PROVIDED DATA:

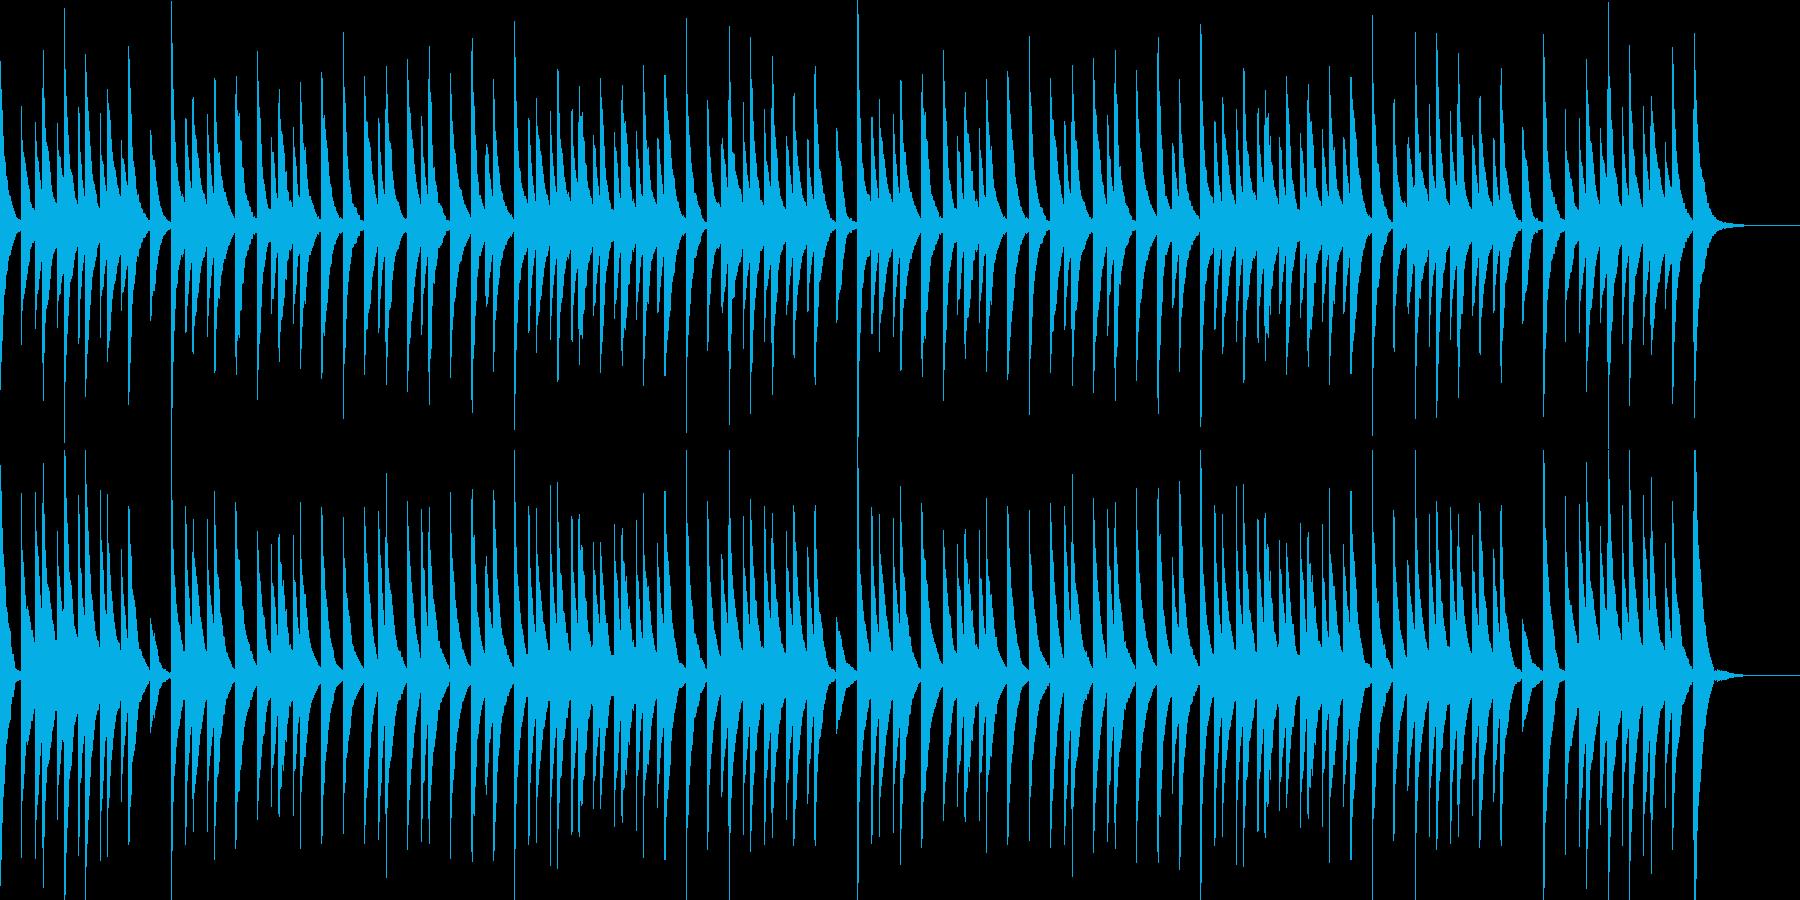 かわいいオルゴールサウンドの再生済みの波形
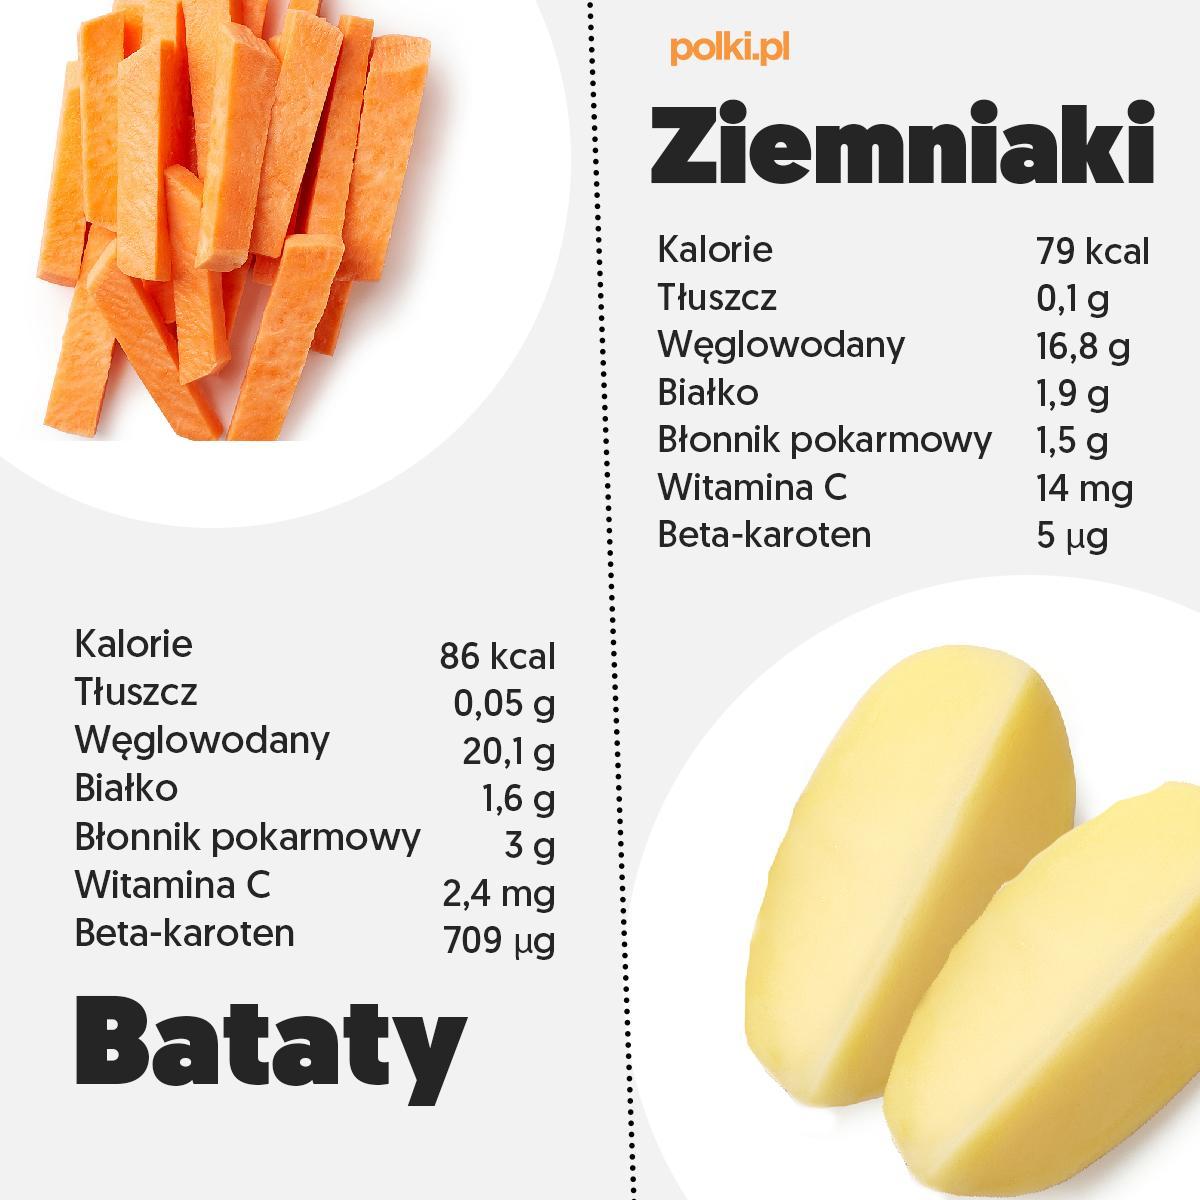 Bataty kontra ziemniaki - infografika
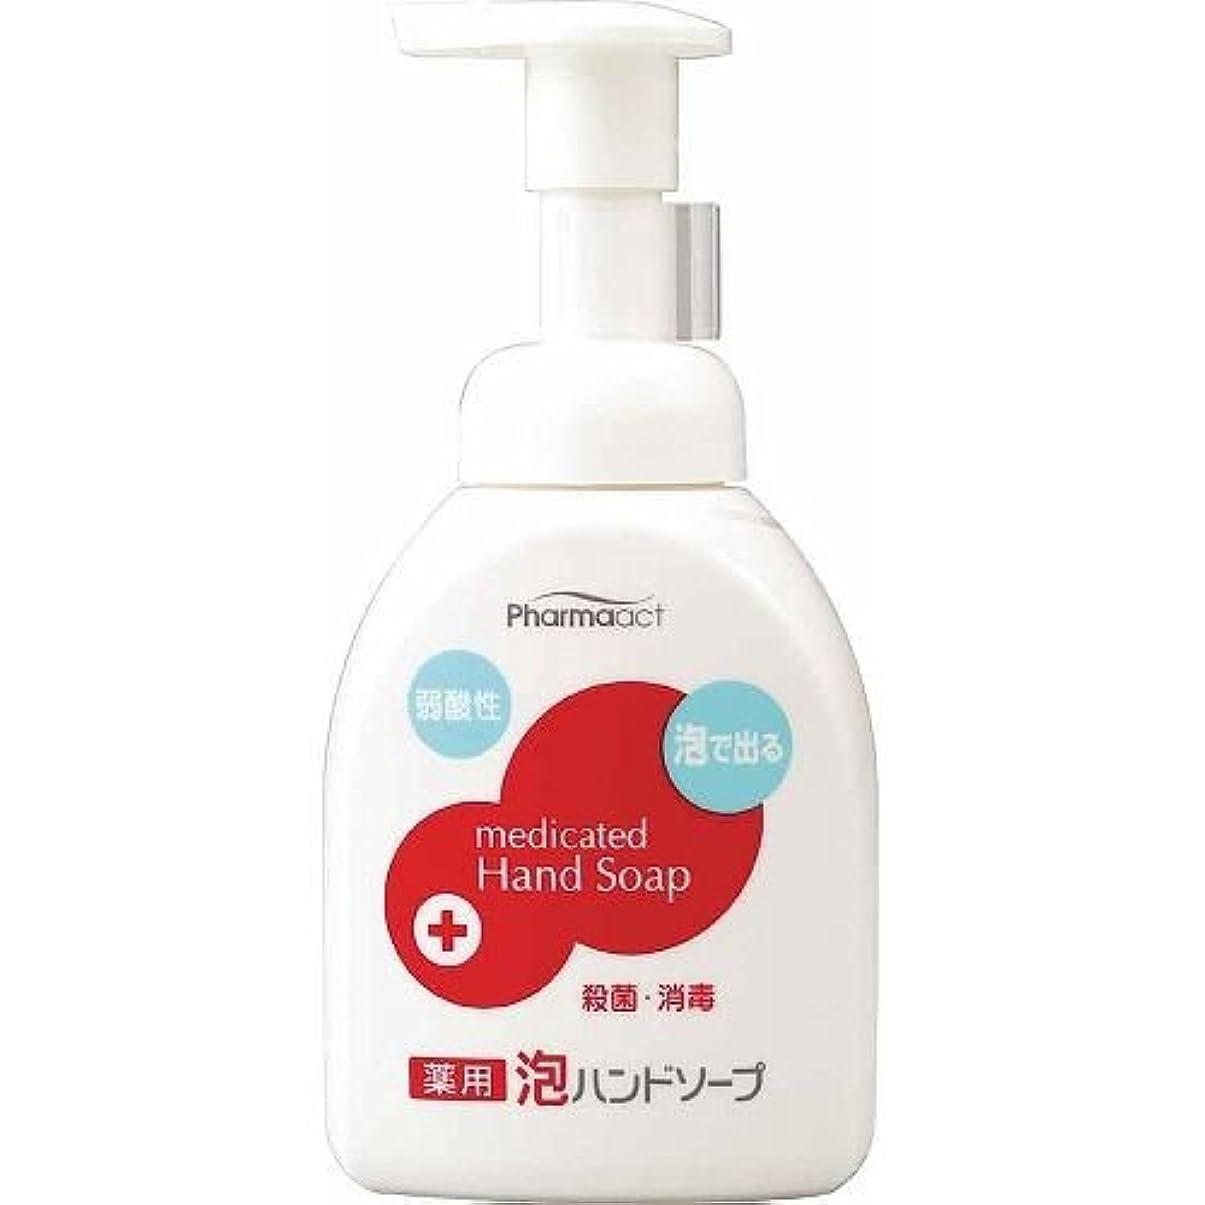 香水元の代理店【まとめ買い】ファーマアクト 弱酸性薬用泡ハンドソープボトル 250ml ×5個
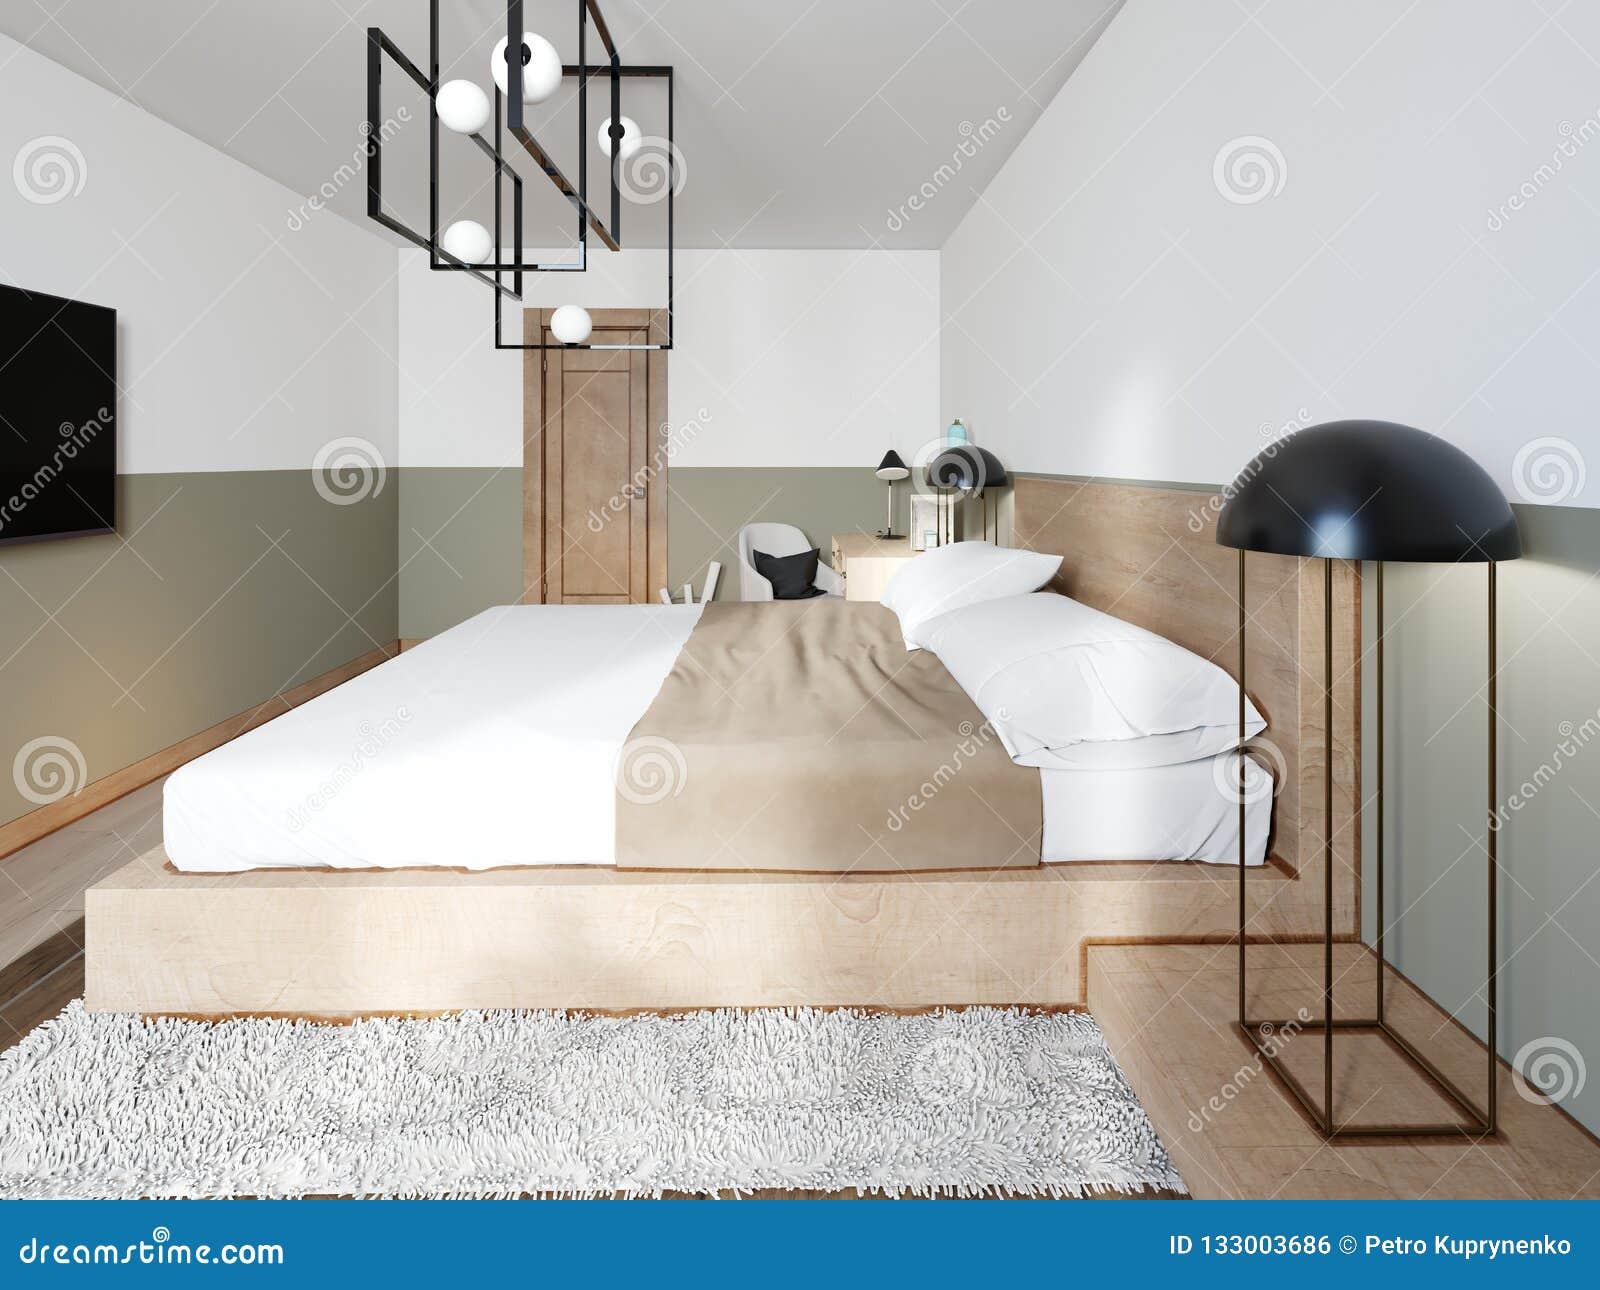 Un Lit En Bois Moderne Sur Une Passerelle En Bois à Deux étages Avec Lu0027 éclairage, Une Chambre à Coucher Dans Un Style De Grenier Rendu 3d

EXERCISE GOAL: None of the pictures belong in the copy; transcribe the rest of the data exactly.

ANSWER BOX:
 かわいいオルゴールサウンドの再生済みの波形
 Bataty kontra ziemniaki - infografika
 香水元の代理店【まとめ買い】ファーマアクト 弱酸性薬用泡ハンドソープボトル 250ml ×5個
 Un Lit En Bois Moderne Sur Une Passerelle En Bois à Deux étages Avec Lu0027 éclairage, Une Chambre à Coucher Dans Un Style De Grenier Rendu 3d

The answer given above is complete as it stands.